═══ Information supplied

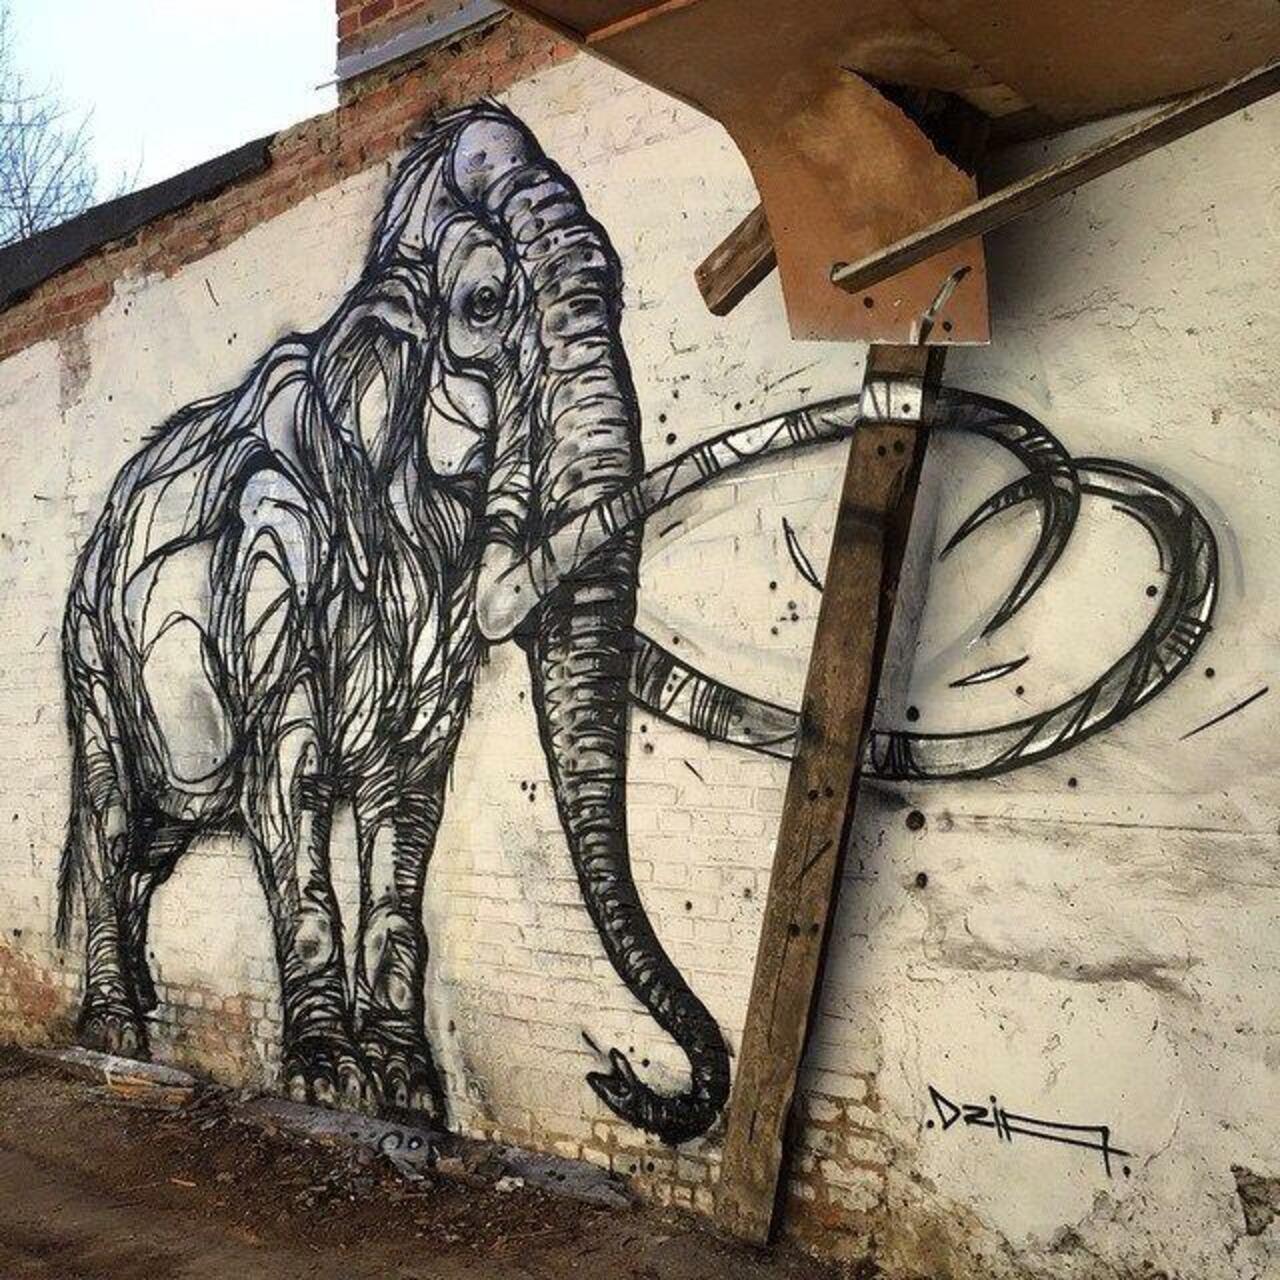 Sistemas4S: Mammoth. New nature in Street Art wall by DZIA 

#art #graffiti #mural #streetart http://t.co/il19aaOueO
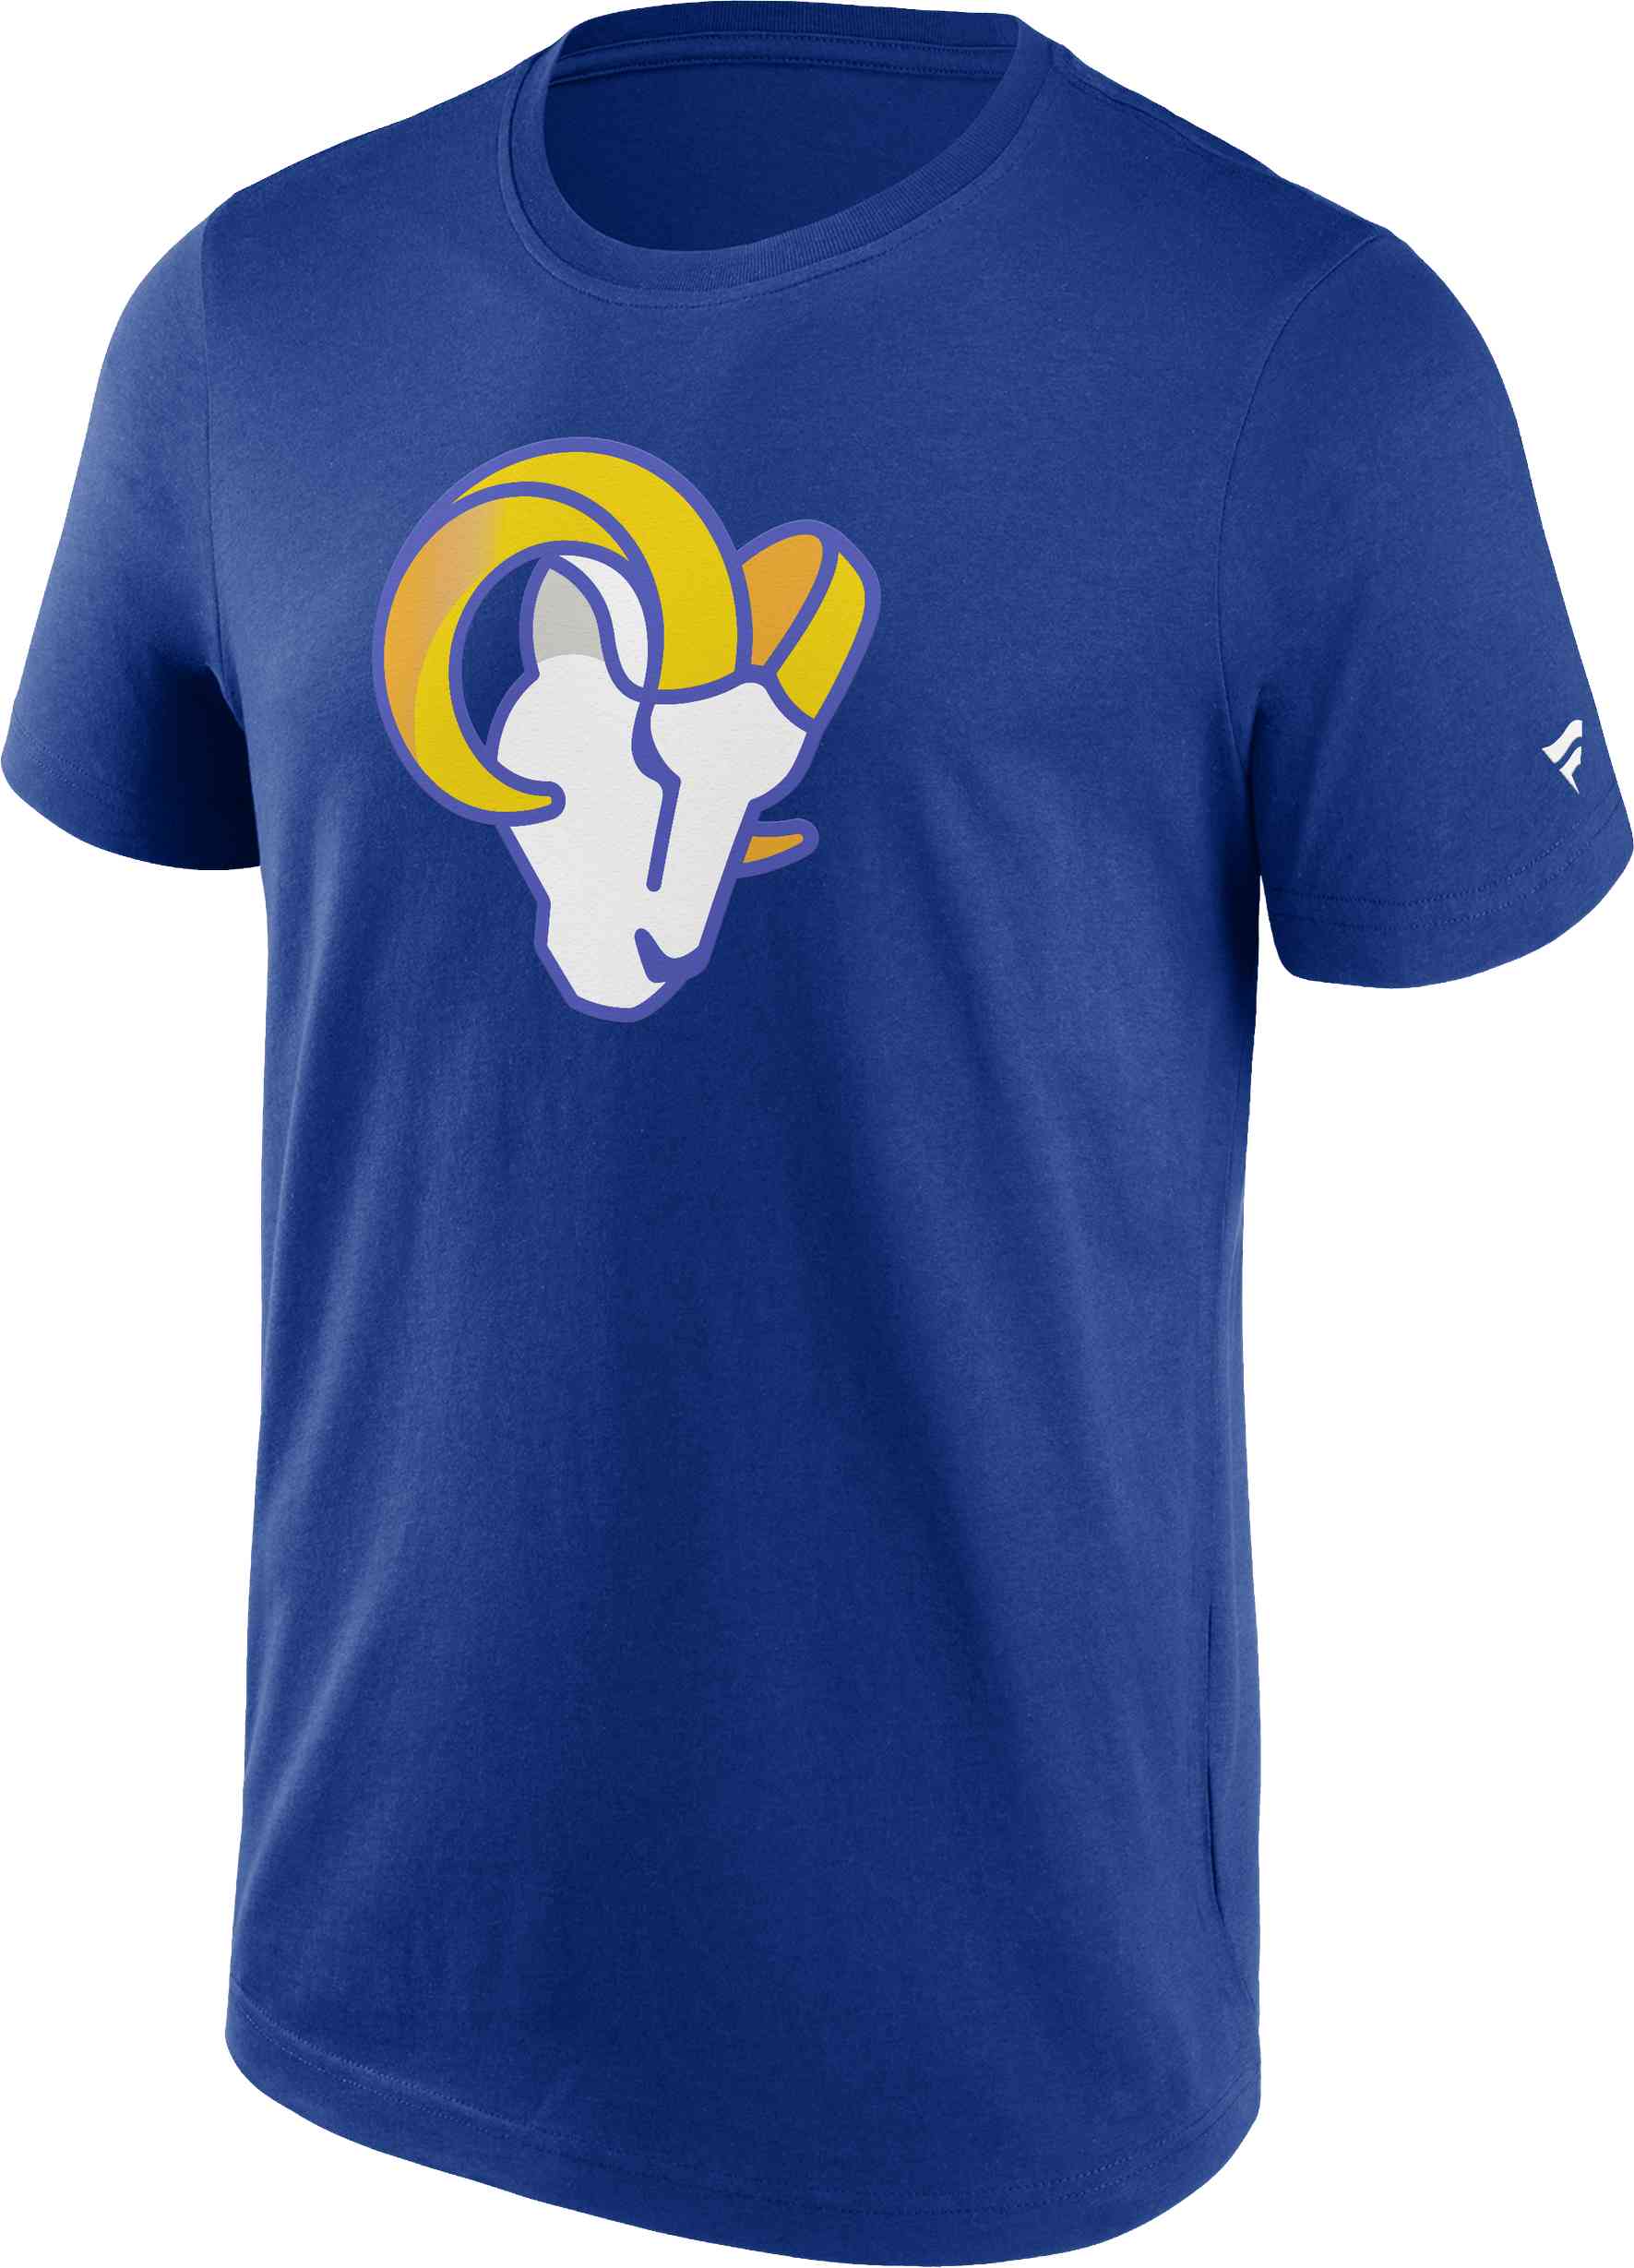 Fanatics - NFL Los Angeles Rams Primary Logo Graphic T-Shirt

══════

Apart from the images, reproduce the listing exactly as it appears.

> Solved exercise:
 Sistemas4S: Mammoth. New nature in Street Art wall by DZIA 

#art #graffiti #mural #streetart http://t.co/il19aaOueO
 Fanatics - NFL Los Angeles Rams Primary Logo Graphic T-Shirt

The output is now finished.